Moving three thousand miles away to attend law school is a very interesting experiment in growth and coping skills. Prior to law school I lived within the same 5 mile radius my entire life, and for most of that time a significant amount of my closest family members also resided within a 5 or 10 minute distance from me. Due to this closeness, I grew up with a richness of familial experiences that shaped the way in which I view and interact with the world. No doubt, I believed that I was strong, independent and all of those other adjectives that people who known of those things use to describe themselves, but my move to Boston definitely proved that, even though I had the ability to possess those characteristics, I had not yet arrived in terms of my full adult development.

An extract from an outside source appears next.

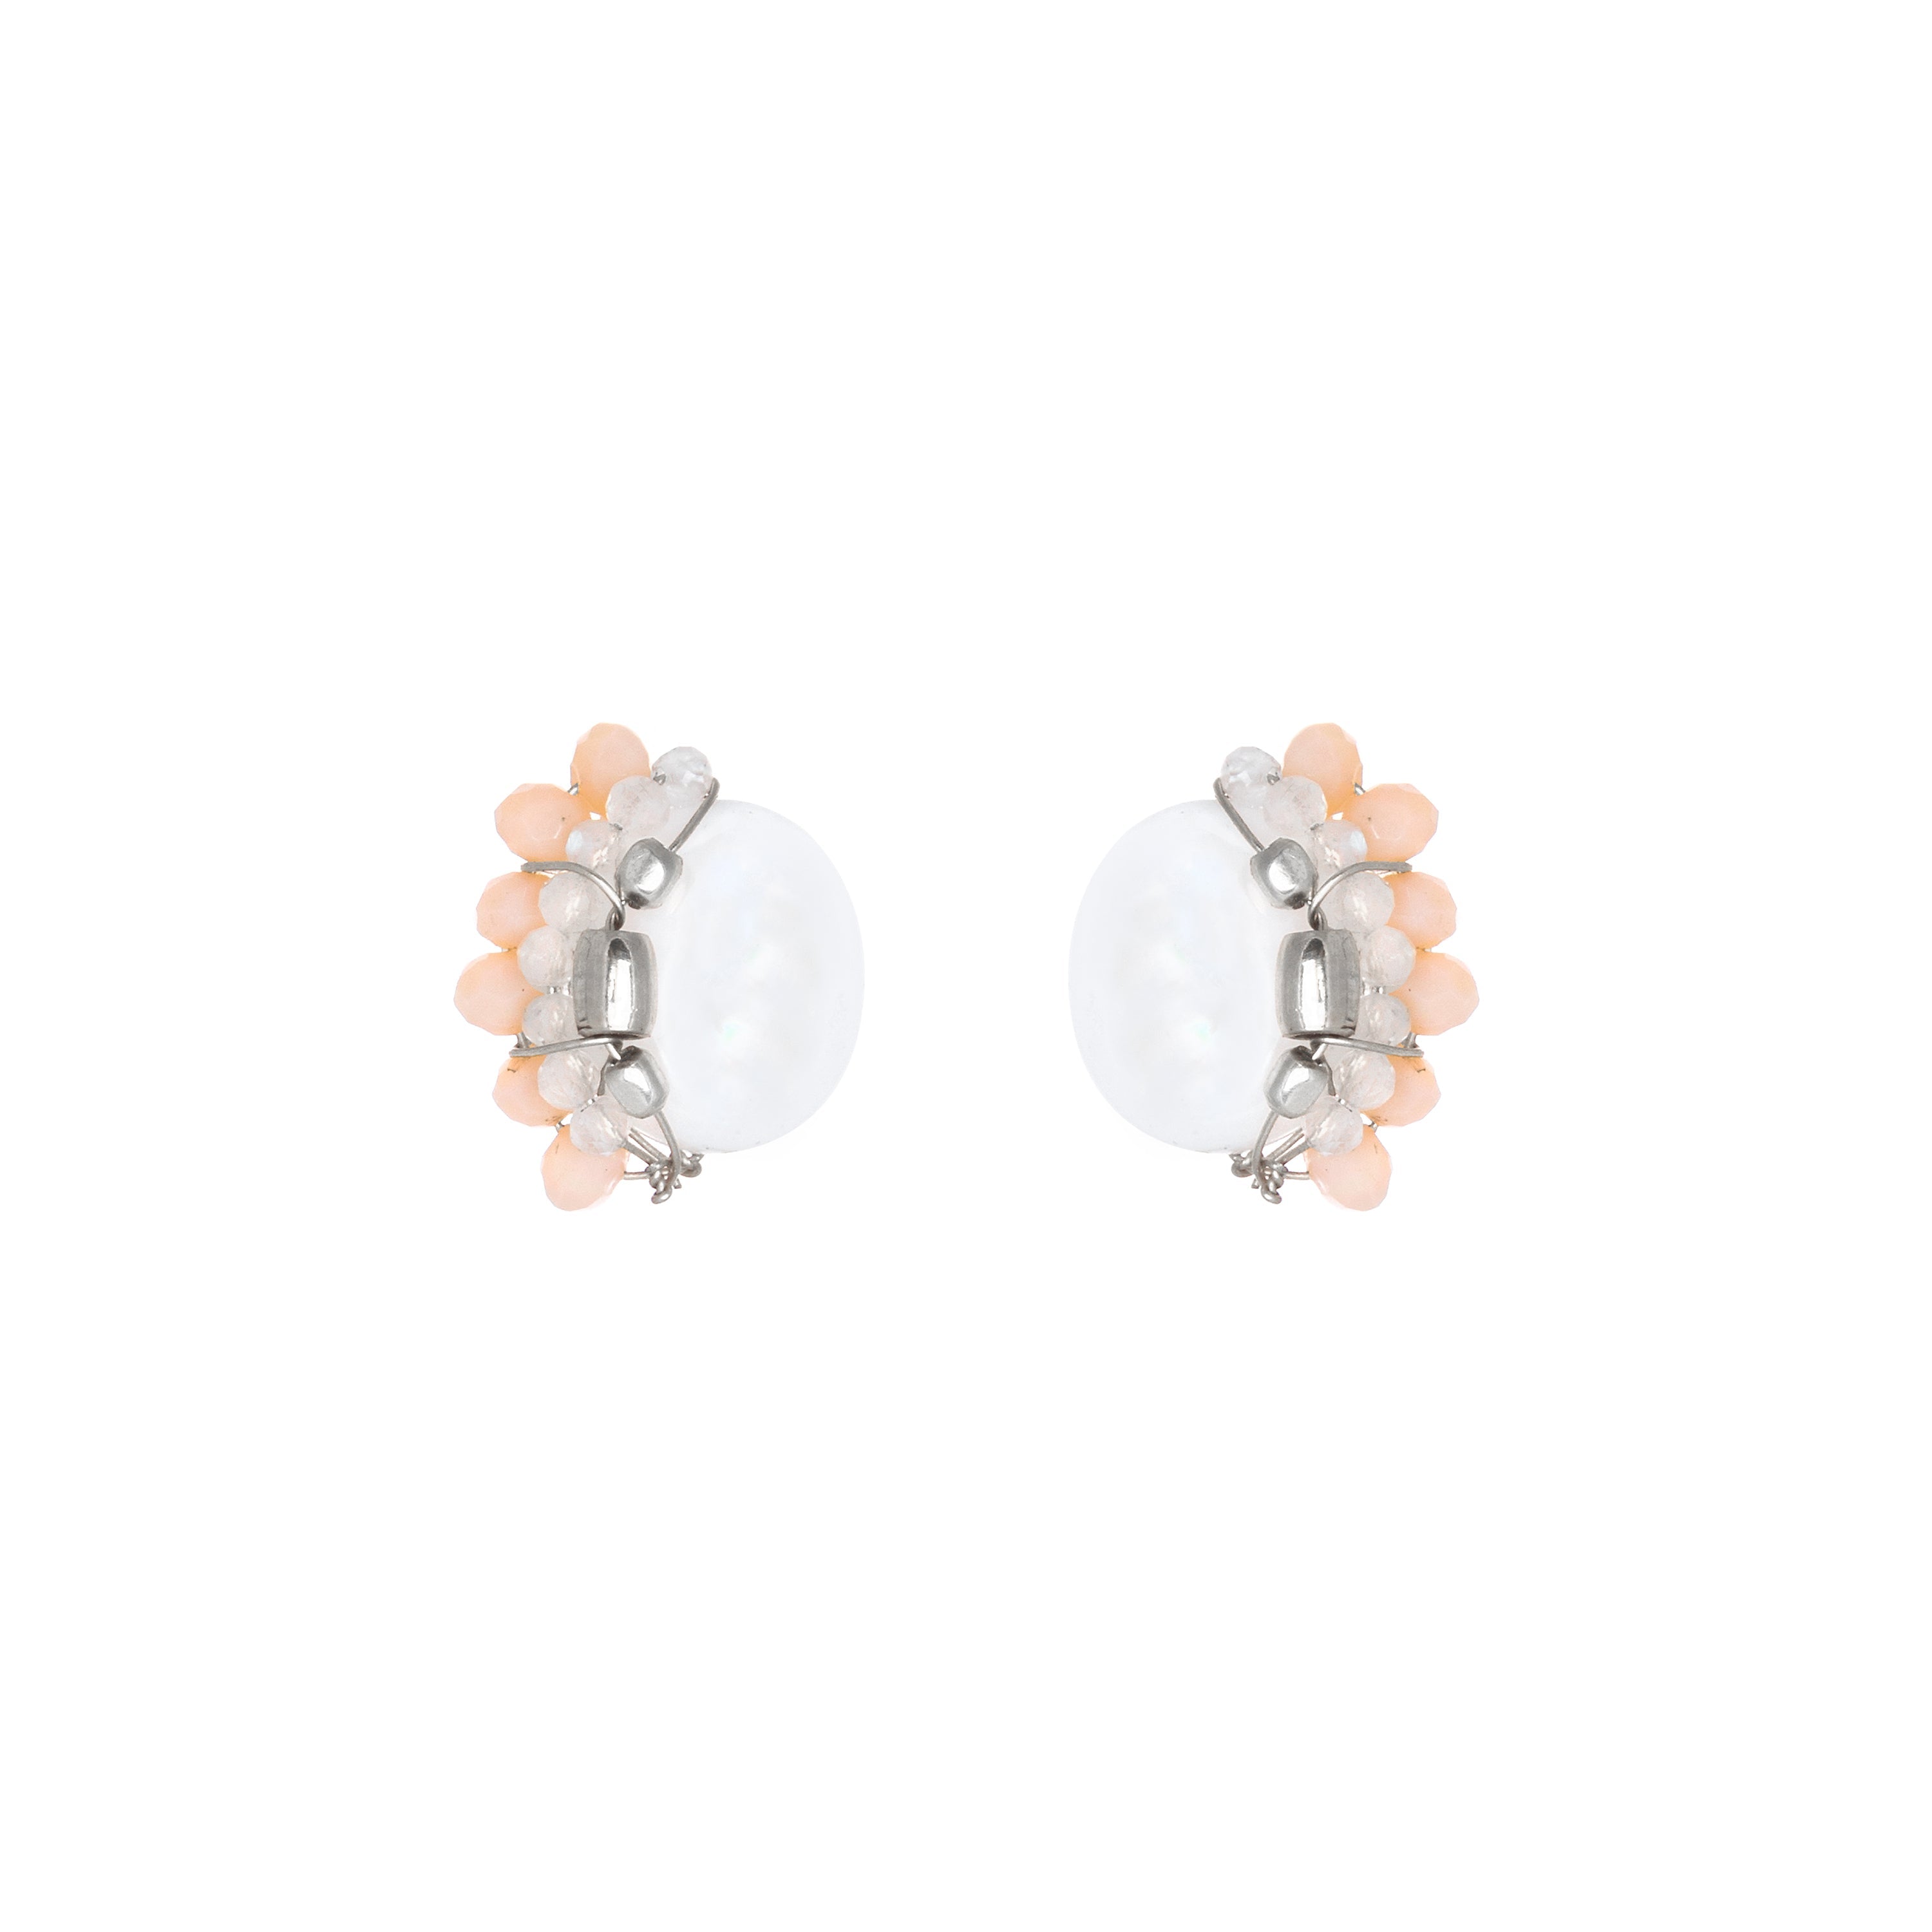 THE MARIANNA Earrings Jimena Alejandra Silver White Agate (Seashell)

This became abundantly clear as I found myself missing all the things about home that prior to my leaving I thought I was incapable of missing, like family spats, the feeling of too much family responsibility, etc.
The interesting thing about law school is that there are many people who are also far away from home, and because of this, family begins to take on a whole other meaning. You don’t quite realize the transition as it is happening, but you know it once it is complete.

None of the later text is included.